Work task: Instruction for the entries that follow: retype exactly the lines from the line with "Table basse en métal 80 cm" to the line with "Armani Collezioni Mens", both included, and omit all others.

Entries supplied:
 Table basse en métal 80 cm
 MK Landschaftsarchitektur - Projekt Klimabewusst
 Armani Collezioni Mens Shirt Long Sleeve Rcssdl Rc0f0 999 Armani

---

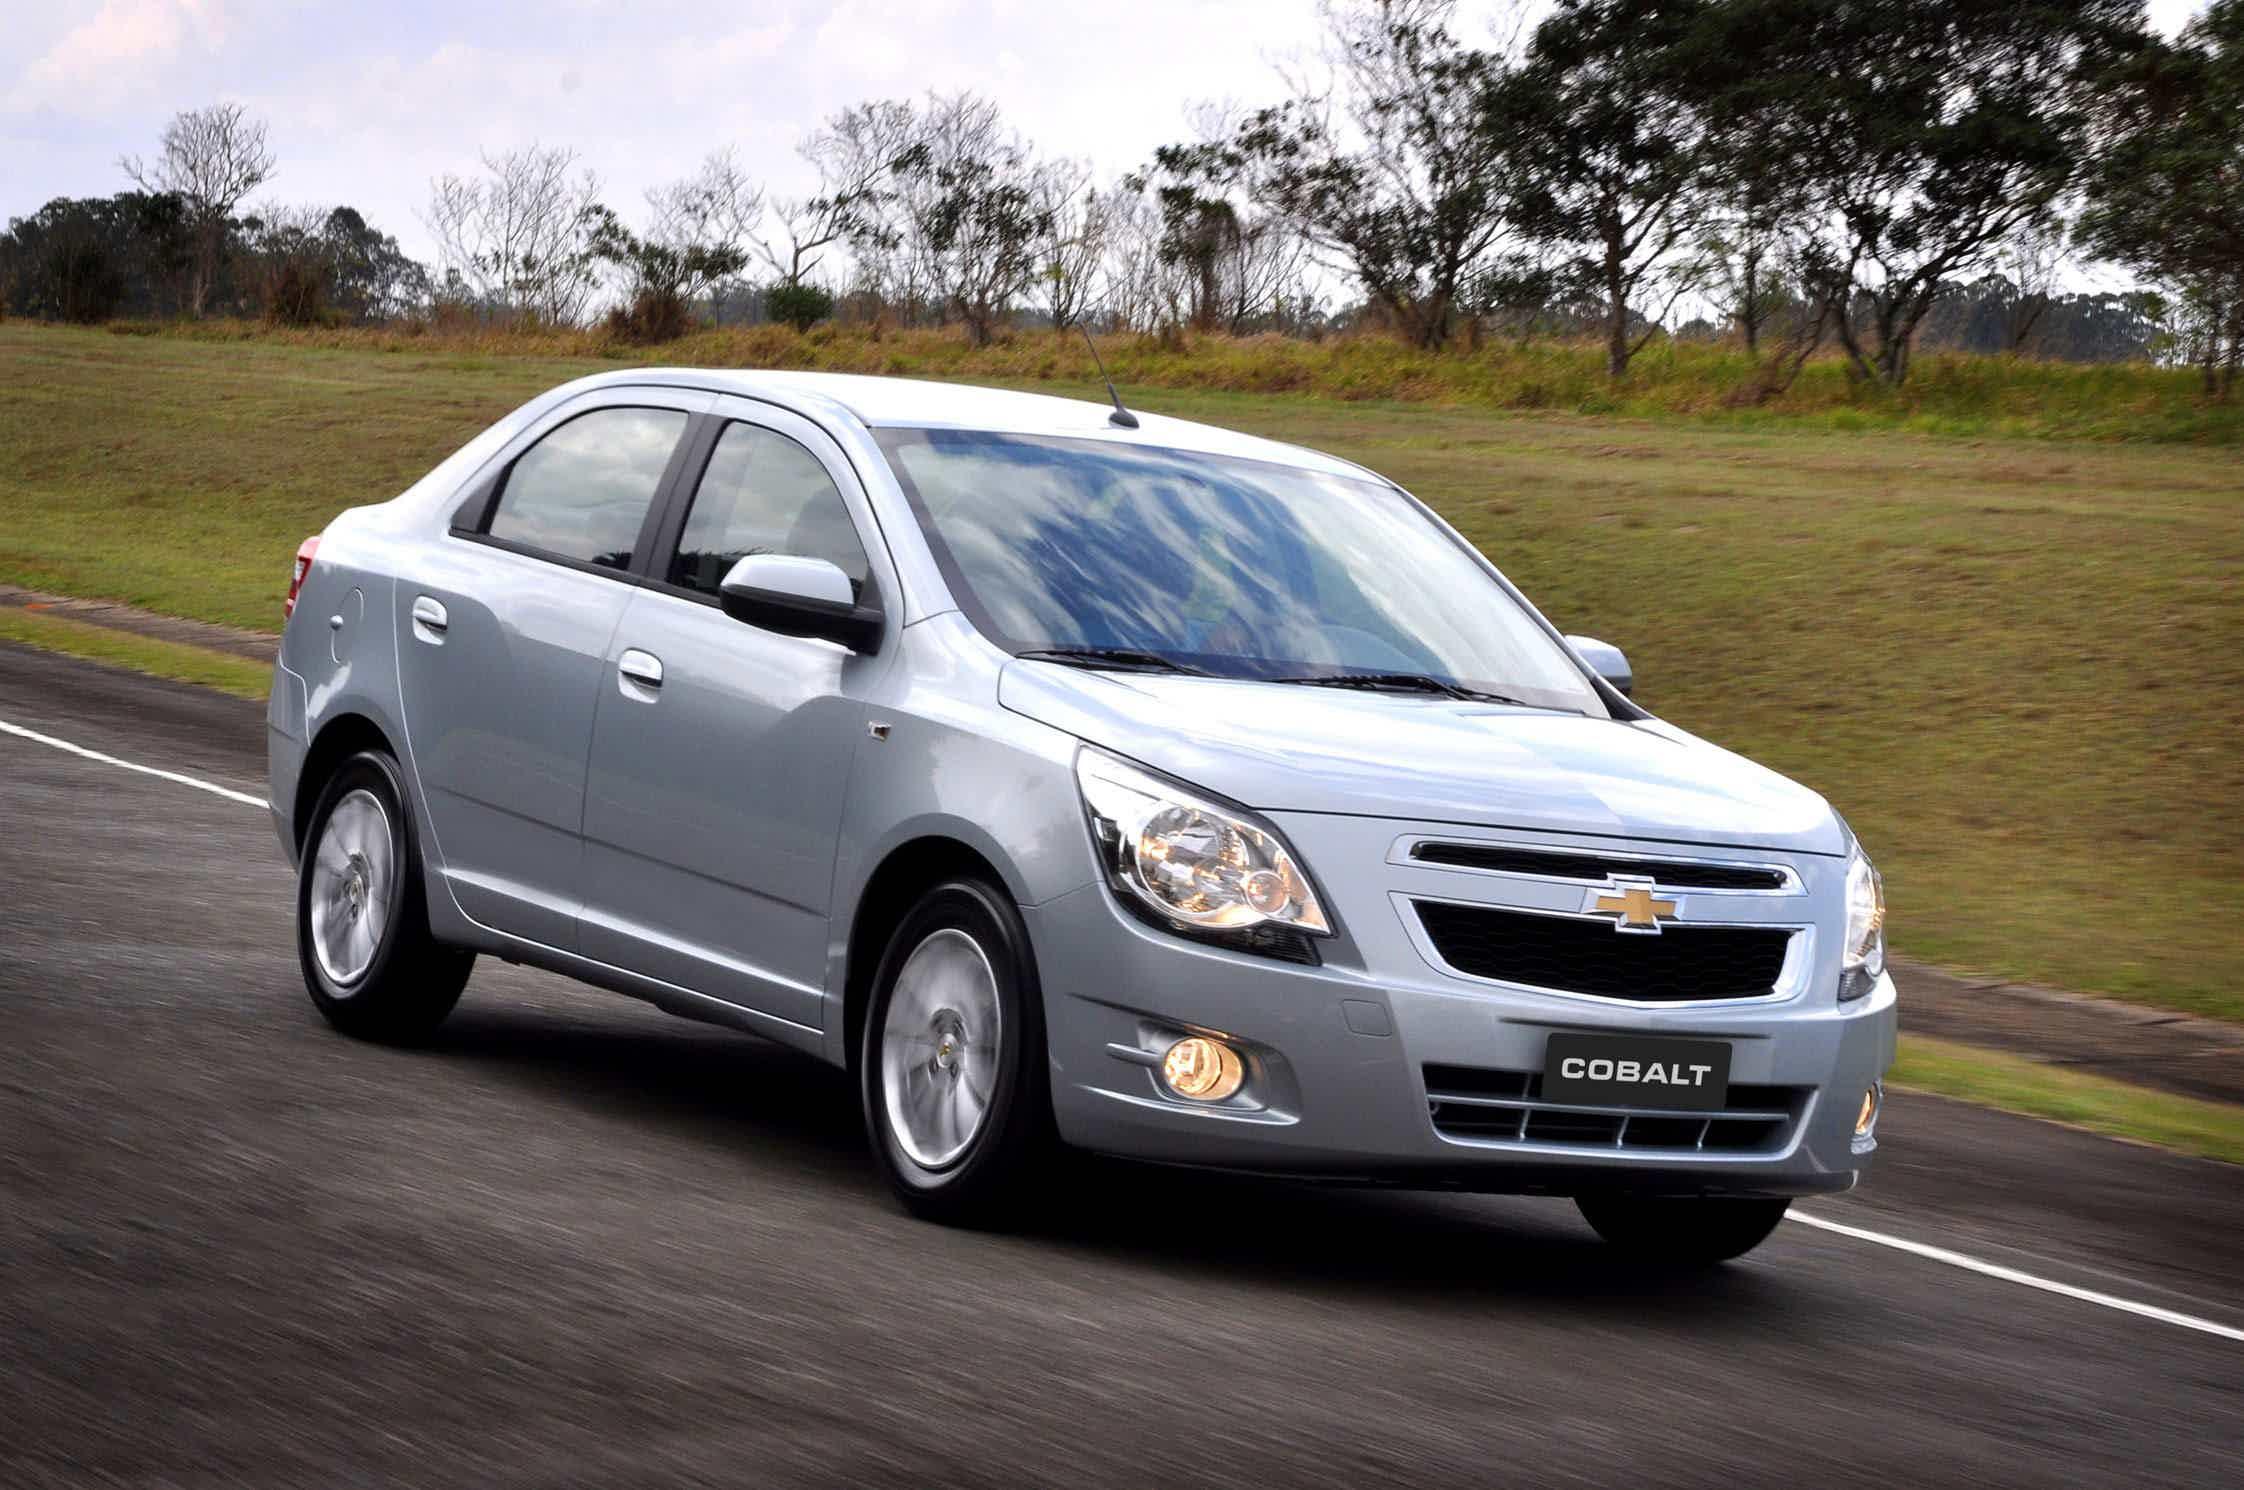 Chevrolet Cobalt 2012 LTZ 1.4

Answer space:
 Table basse en métal 80 cm
 MK Landschaftsarchitektur - Projekt Klimabewusst
 Armani Collezioni Mens Shirt Long Sleeve Rcssdl Rc0f0 999 Armani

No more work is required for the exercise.